Review: City of Night

Series: Dean Koontz's Frankenstein: #2

And so we continue with the adventures of Helios né Frankenstein and all the troubles he’s causing for modern day New Orleans.

Of the main plotlines, we get a lot more of Randall Six and Arnie. I like the story in general, but the pacing is strange, stretching across two books and then sort of ending.

We get Helios and yet another Erika, along with all sorts of things starting to go wrong with the New Race. It’s pushing increasingly into Horror, especially Body Horror, and I like it. The only gotcha is that it feels rather weird for it all to be going wrong now. I do like seeing more variations and points of view among the New Race. They’re not all the same, no matter how much Helios wants them to be and that is fascinating. Especially when you bring Deucalion into the mix.

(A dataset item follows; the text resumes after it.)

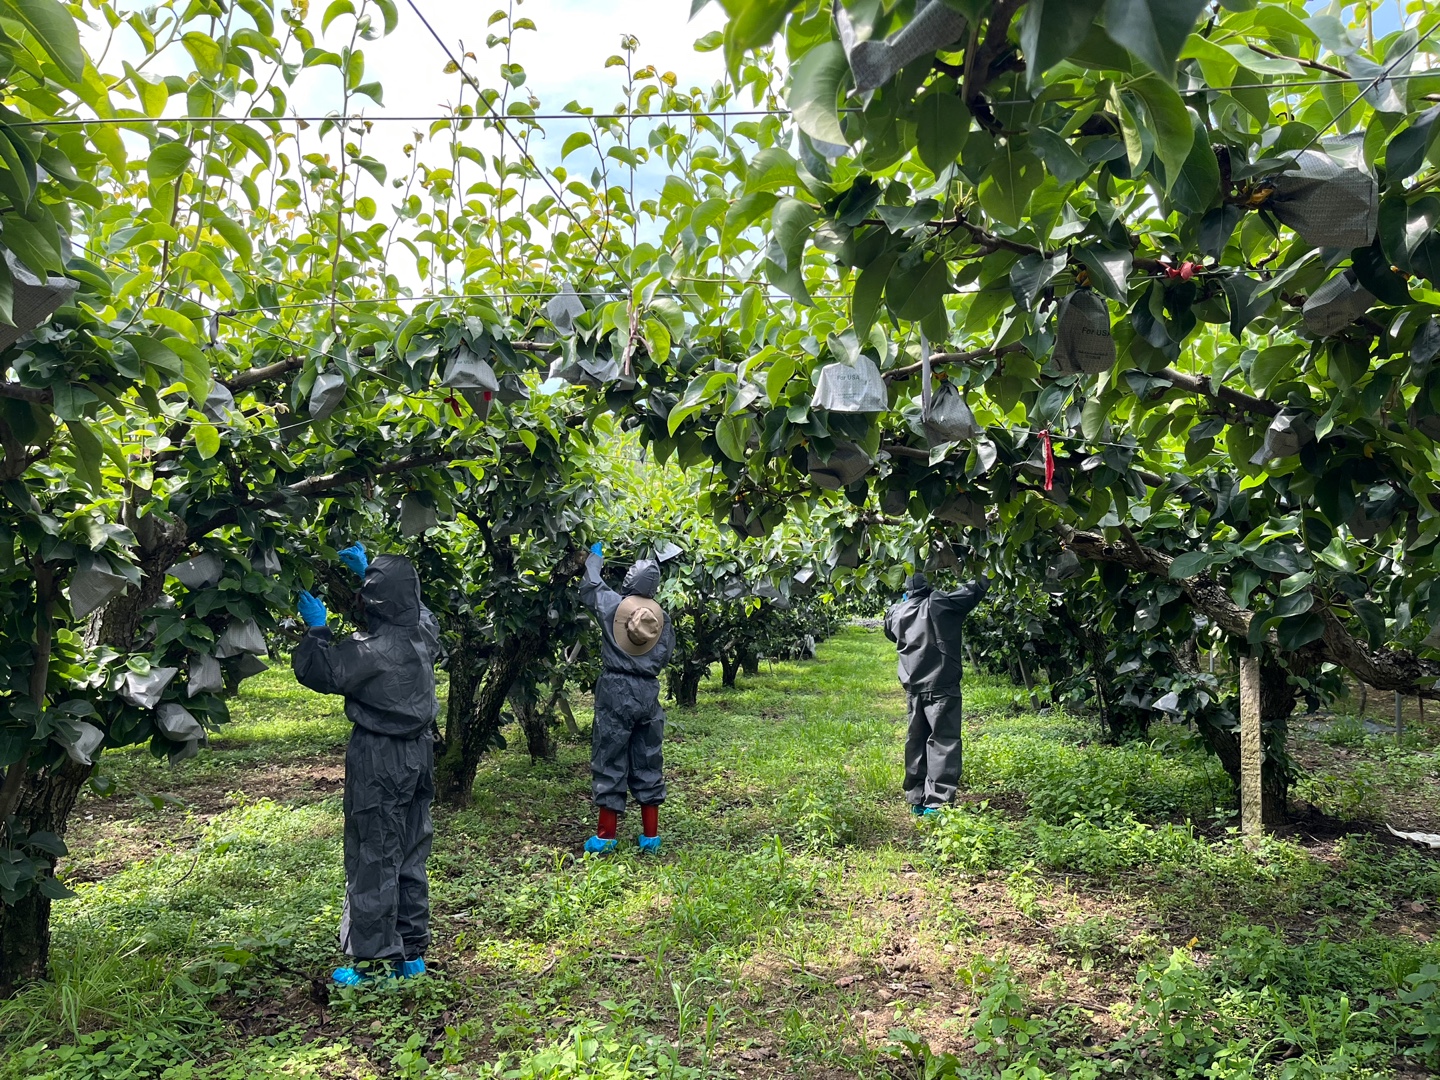 경주시가 과수화상병 발생을 막기 위해 사과, 배 등 과수 재배 밀집지역을 상대로 정밀 예찰을 실시하고 있는 모습.

We get more of Carson and Michael, now off the rails and going straight cop turned vigilante. It makes sense, given the complete inability to know who’s Old and who’s New, but it still is a bit jarring. I do love their banter. At this point, I wholly expect one or both not to survive the series, which is a bummer, but expected in this sort of thing.

I think the weirdest thing about this book (and the series thus far) is that it really all feels like one very very long single novel. The ’endings’ do tend to end at least one plot thread, but there are always new things being brought up and random threads ending well before the end of a book. I’m not sure I care for the style. But I’m too into the series now to stop!

All that being said, it’s a good book and I’m looking forward to where we go next!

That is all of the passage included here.